Two quick questions, how do you PM, and what does ttt mean?

Thanks to you all...


----------



## J.C. (Aug 20, 2004)

*Welcome*

to a fellow Louisianaian! 

To P.M. somebody click on their user name. You'll see a drop down menu. click on send Private message and go from there.

ttt is short for to the top. Any time anyone posts on a thread it gets moved to the beginning of the list for that forum. Posting ttt or bump or ^ is a quick way to do that.


John


----------



## bowfisher 51 (Jan 20, 2006)

Welcome to Archery Talk, Buckhunter316........Hope you enjoy the site.....


----------



## Buckhunter316 (Feb 14, 2006)

*Thanks 41 Mag...*

I appreciate the help.

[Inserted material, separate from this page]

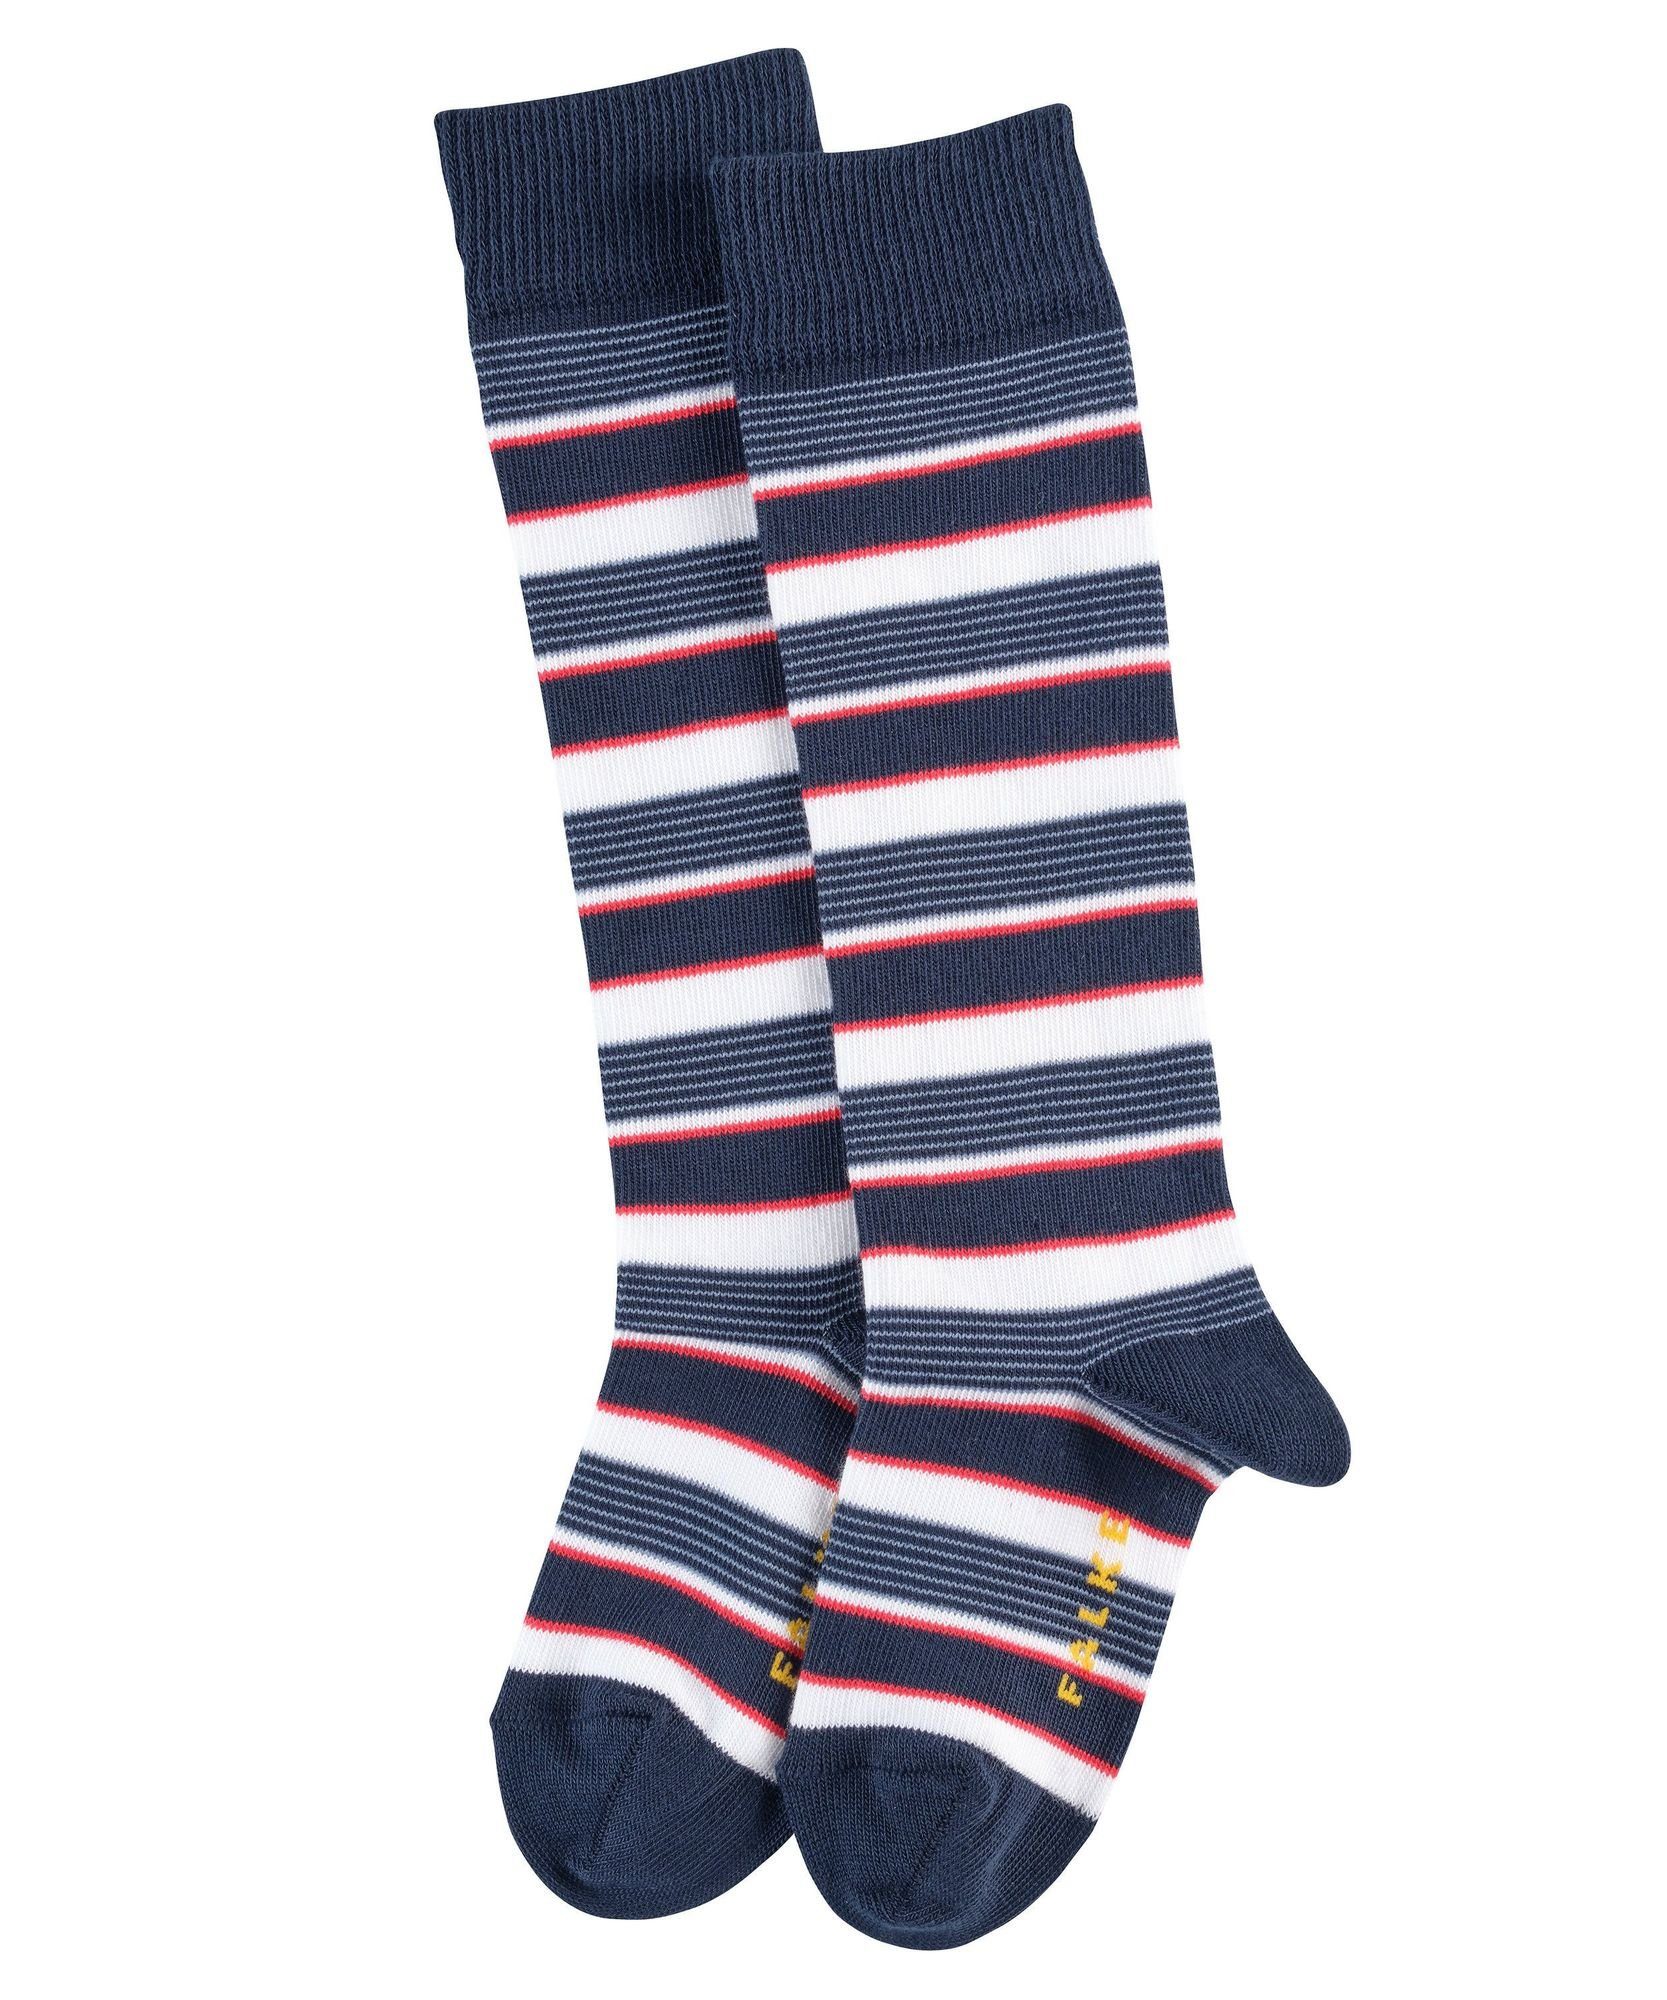 FALKE Socken FALKE Mixed 2 Kniestrümpfe Kinder marine Stripe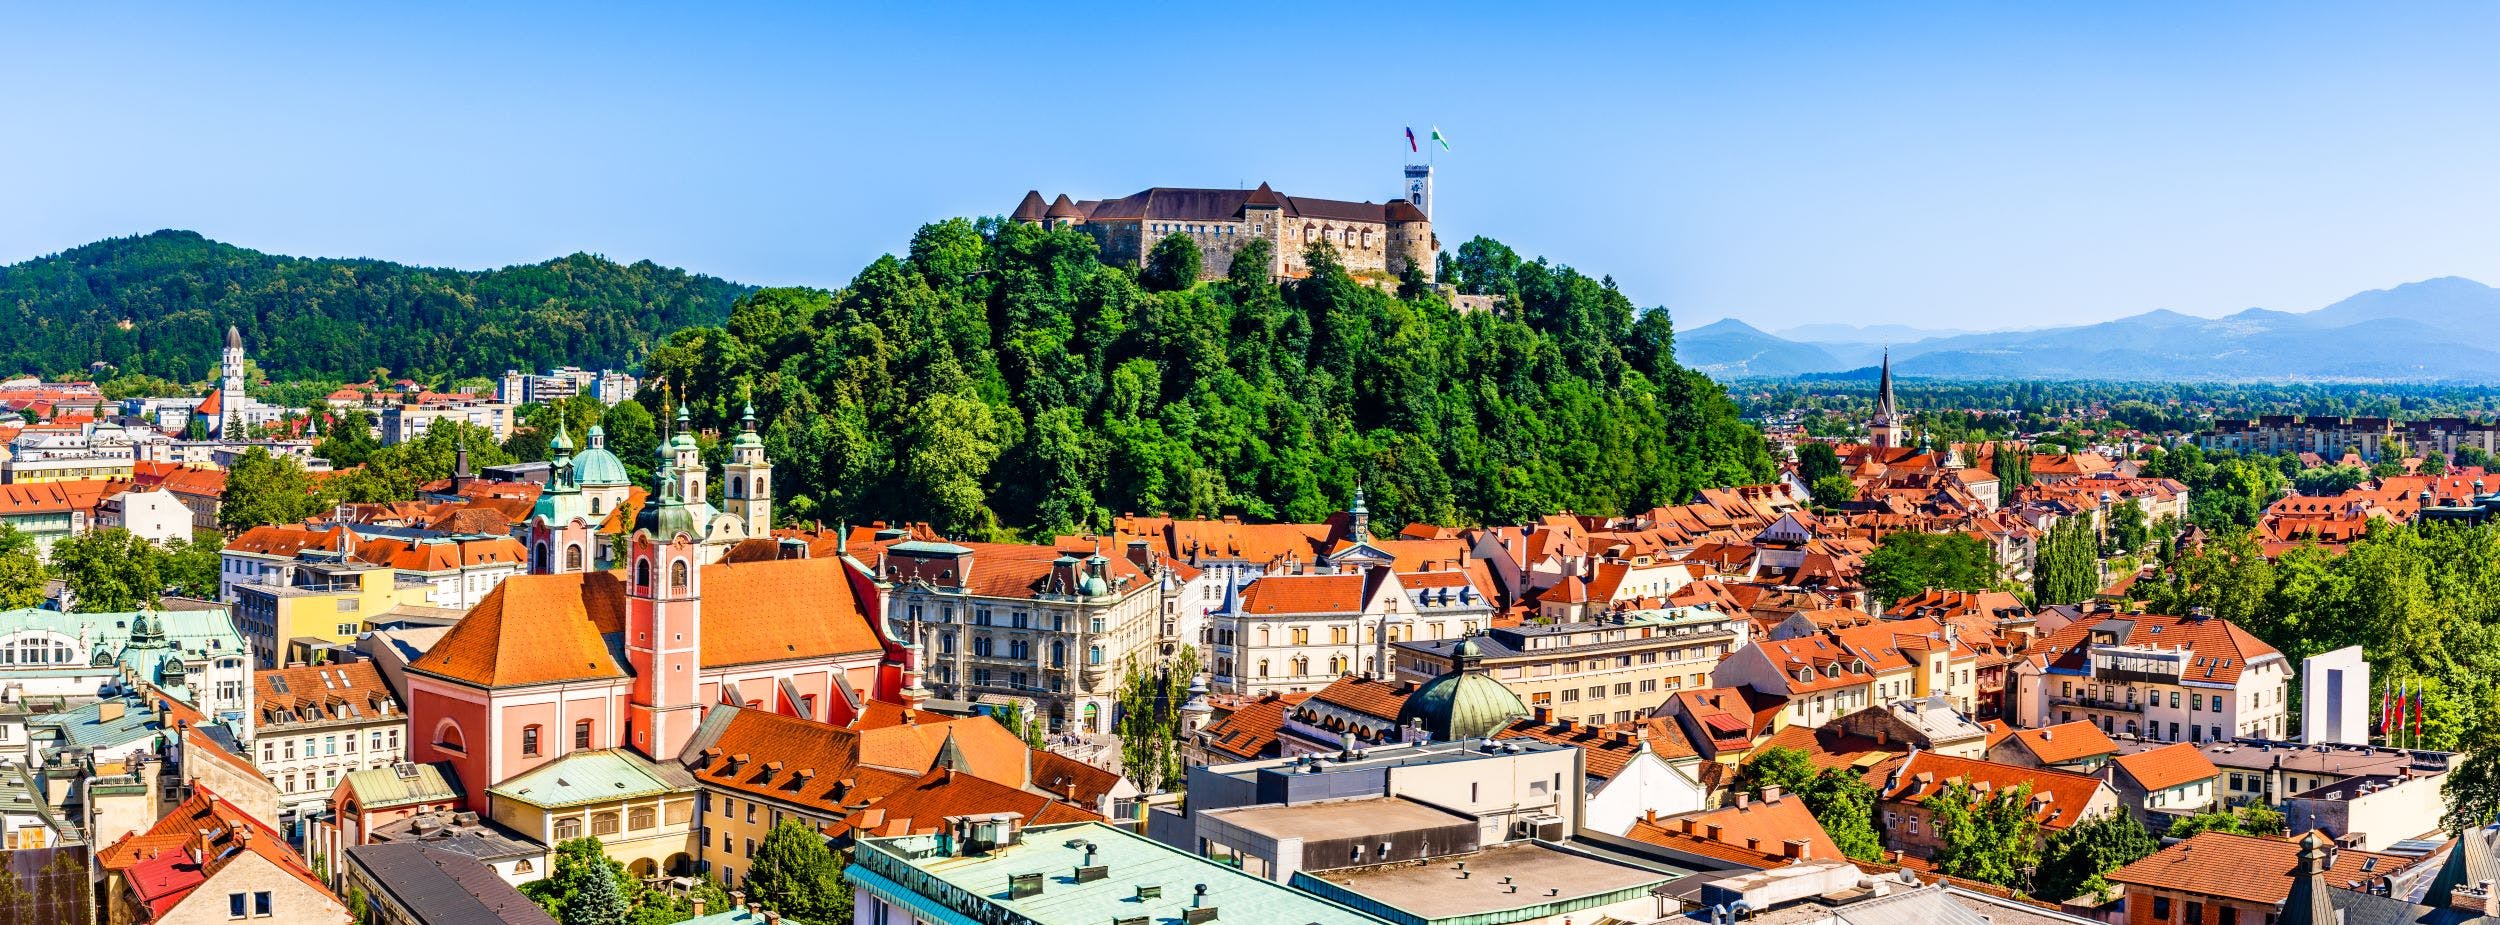 Ljubljana city tour and castle Musement

It makes sense... Nice to meet you..


----------



## sdavis (Aug 22, 2005)

*welcome buckhunter*

keep your eye out in the classifieds for a lh bow good luck


----------



## Tim Roberts (Jul 13, 2002)

:welcome: to AT Buckhunter316. If you search the Classifieds I'm sure you'll find a bow to get you started. Hope you enjoy the fun here.


----------



## hawgdawg (Sep 8, 2002)

41mag and buckhunter316 where in Louisiana are yall at.


----------



## GregC (Dec 1, 2005)

*Welcome*

Welcome to AT. I got my first bow here on AT last month. A lot of great deals here.:wink:


----------



## J.C. (Aug 20, 2004)

hawgdawg said:


> 41mag and buckhunter316 where in Louisiana are yall at.


Outside of Vivian. Northwest corner of the state.


----------



## hawgdawg (Sep 8, 2002)

Know right where it is. I lived in Shreveport several years ago and have moved to Many. I do some hunting around Benton.


----------



## Buckhunter316 (Feb 14, 2006)

*Reply*

I'm in Baton Rouge. Do most of my hunting in the Spillway and a little around Gonzales.


----------



## GregC (Dec 1, 2005)

*Bows*

Hey Buckhunter316, do you ever go to Bowie's or Spillway Sportsman? Some of us go there to shoot.


----------



## Buckhunter316 (Feb 14, 2006)

*Sure*

I go to spillway sportsman about twice a month to look at all the stuff. I was looking at a used PSE Triton they had there, a Diamond setup, as well as a Bowtech, but I don't have all that much to spend right off. Where do they shoot? I've never seen the range.

I've talked to the guys a Bowie's on the phone a few times, asking advice.

Both places have some extremely smart archers... I learned just as much from them as reading..


----------



## julesj93 (Jul 6, 2005)

*Welcome To AT Bowhunter316*

Have a great time here, you've sure come to the right place to become a great Archer


----------